A one-year fix should also prevent physician Medicare pay from becoming a political pawn in the early part of the new congressional session, Hedstrom said. Some Washington observers speculate that House Republicans might offer a bill that would finance a Medicare reimbursement solution with the repeal of the health reform law’s individual mandate and its accompanying subsidies for low-income Americans. The vote would be a political maneuver, however, because such legislation would likely fail in the Democrat-led Senate. Even if a bill were to pass, President Obama would veto it. A one-year fix would take such tactics off the table for now.
Although medical societies will push to replace the formula with a system that accurately reflects increases in the cost of practicing medicine, they realize it will be a hard sell. Freezing Medicare payment through 2020 would cost $275.8 billion, while providing a payment update that reflects the Medicare Economic Index would cost $329.9 billion, and a 2 percent annual update would cost $374.2 billion, the Congressional Budget Office estimates.

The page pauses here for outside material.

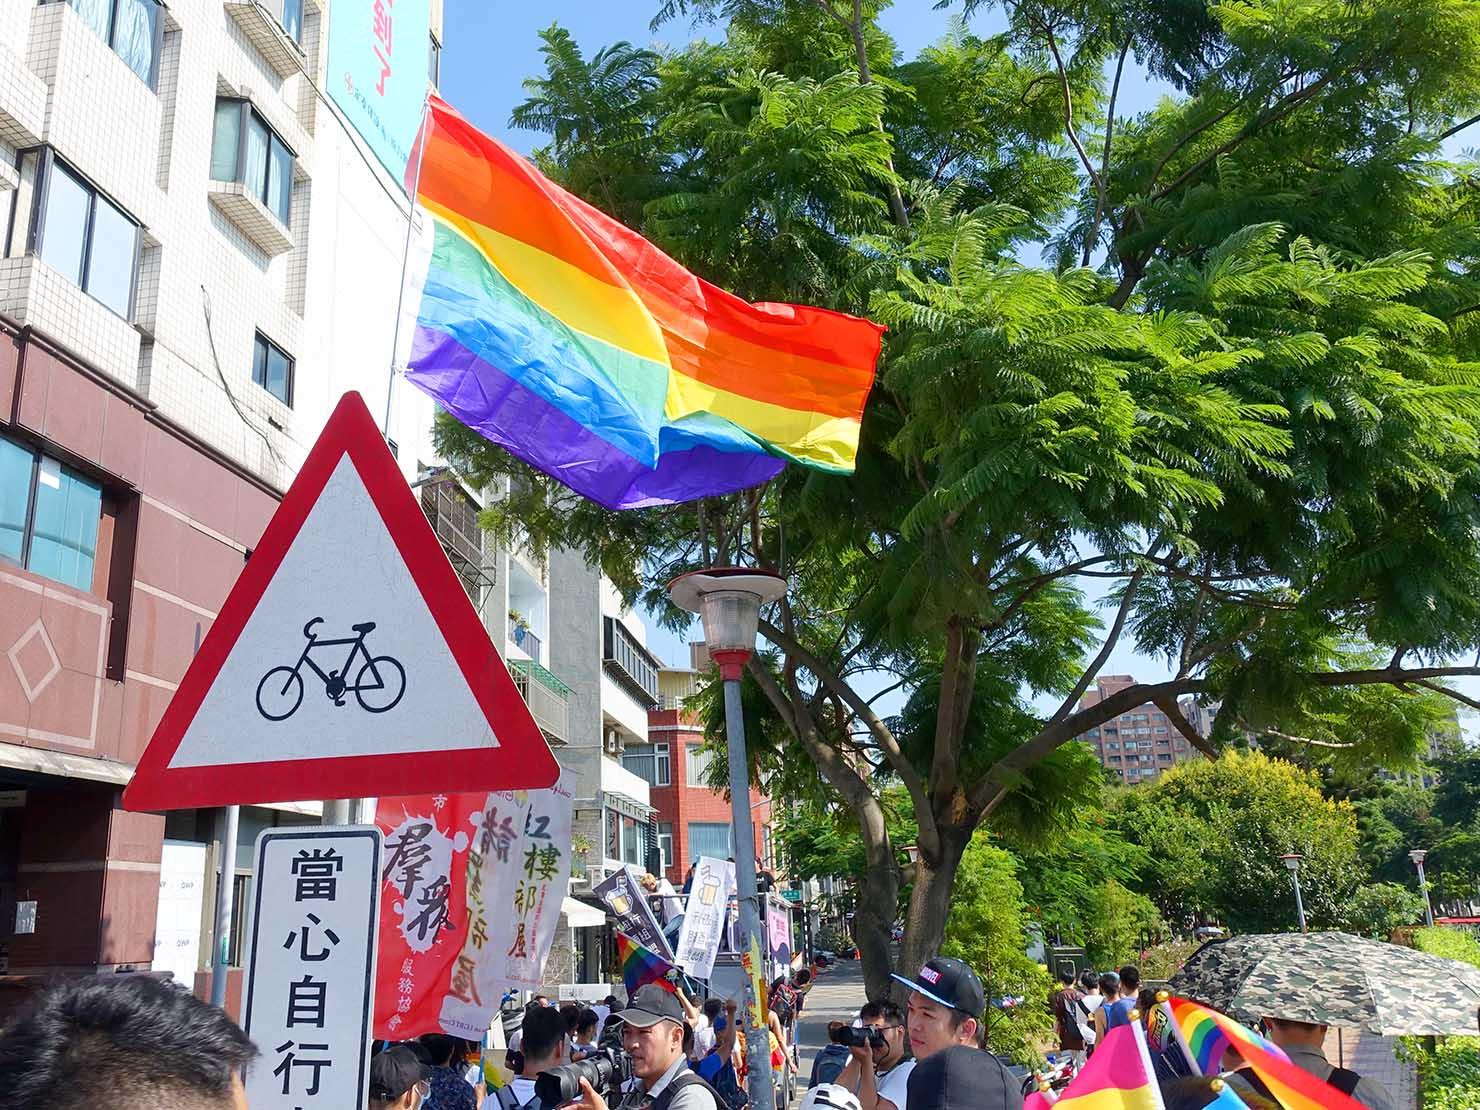 台湾・桃園のLGBTプライド「桃園彩虹野餐日」2020のゴール地点前に翻るレインボーフラッグ

Lawmakers will have a hard time finding the money, Hedstrom said. “In order to get it, you have to cut something. What do you cut?” The Republican takeover in the House and its gains in the Senate intensify the funding question. “Many of the Republicans who won in November ran on no new taxes and reducing the deficit, so paying for a permanent fix will be extremely difficult within these parameters,” Hedstrom said.